Ich würde es über eine zusätzliche Klasse `Feld` lösen, die du statt int nutzt - intern speichert Feld dann den Zustand mit einem int.


----------



## kodela (13. Aug 2017)

mrBrown hat gesagt.:


> Ich würde es über eine zusätzliche Klasse `Feld` lösen, die du statt int nutzt - intern speichert Feld dann den Zustand mit einem int.
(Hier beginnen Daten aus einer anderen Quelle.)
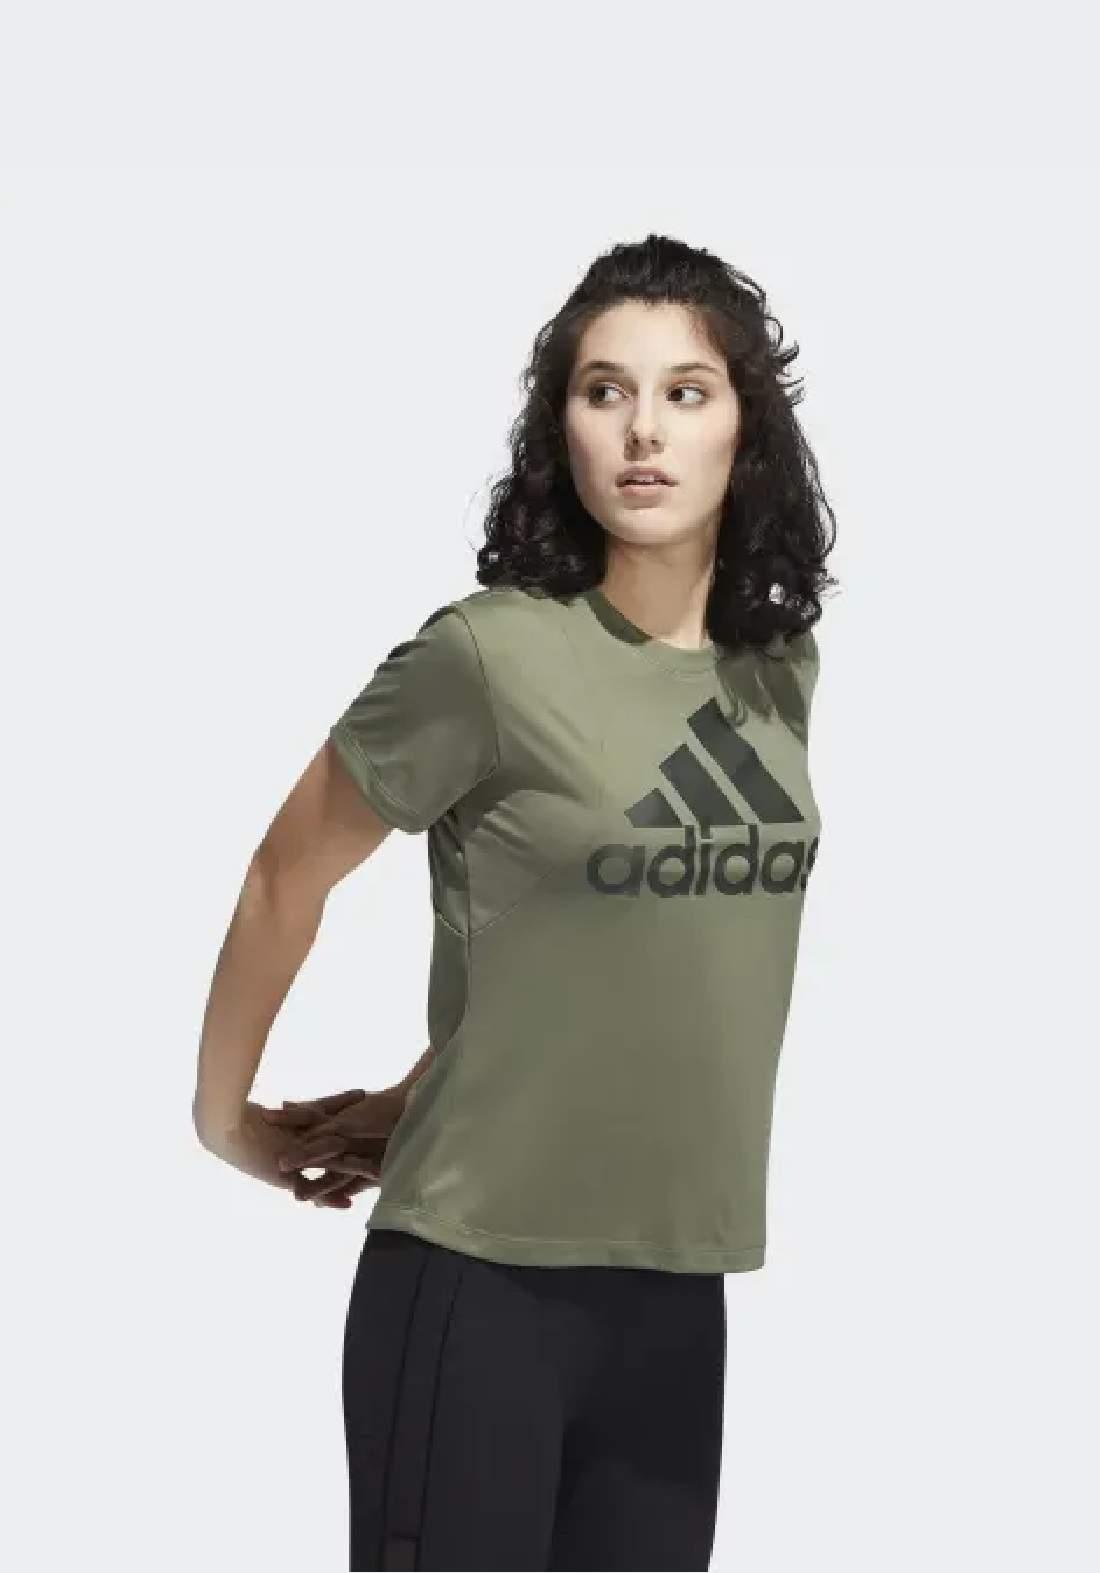 Adidas تيشيرت نسائي زيتوني اللون من

Wie ist das gemeint, eine Klasse nur mit einem int für das Str8ts-Feld oder für eine Zelle in diesem Feld?


----------



## mrBrown (13. Aug 2017)

Für eine Zelle


----------



## kodela (13. Aug 2017)

Nein das funktioniert über eine zusätzliche Klasse bei mir nicht, hätte allerdings den Vorteil, dass man zusätzlich noch irgend welche Eigenschaften, z.B. enthält Vorgabewert, ist gelöst, mit verwalten könnte. Aber eine Referenz auf die Zelle im Str8ts-Feld (Array) bekomme ich über die zusätzliche Klasse ZELLE (so habe ich sie benannt) nicht.


----------



## mrBrown (13. Aug 2017)

Warum sollte das nicht funktionieren?


----------



## kodela (13. Aug 2017)

mrBrown hat gesagt.:


> Warum sollte das nicht funktionieren?


Wenn ich das wüsste! Ich kann nur sagen, auch wenn ich an Stelle eines "normalen" Integerwertes eine eigene Klasse mit einem Integerwert für den Inhalt einer Zelle (bitcodiert mit Vorgabewert, Lösungswert, möglichen Lösungswerten vom Programm verwaltet, mögliche Lösungswerte von User gesetzt, Sperrzelle mit und ohne Sperrwert und farbliche Markierung durch den User) verwende, wird über diese die vermeintlich referenzierte Zelle im Str8ts-Feld (zweidimensionales int-Array) nicht verändert.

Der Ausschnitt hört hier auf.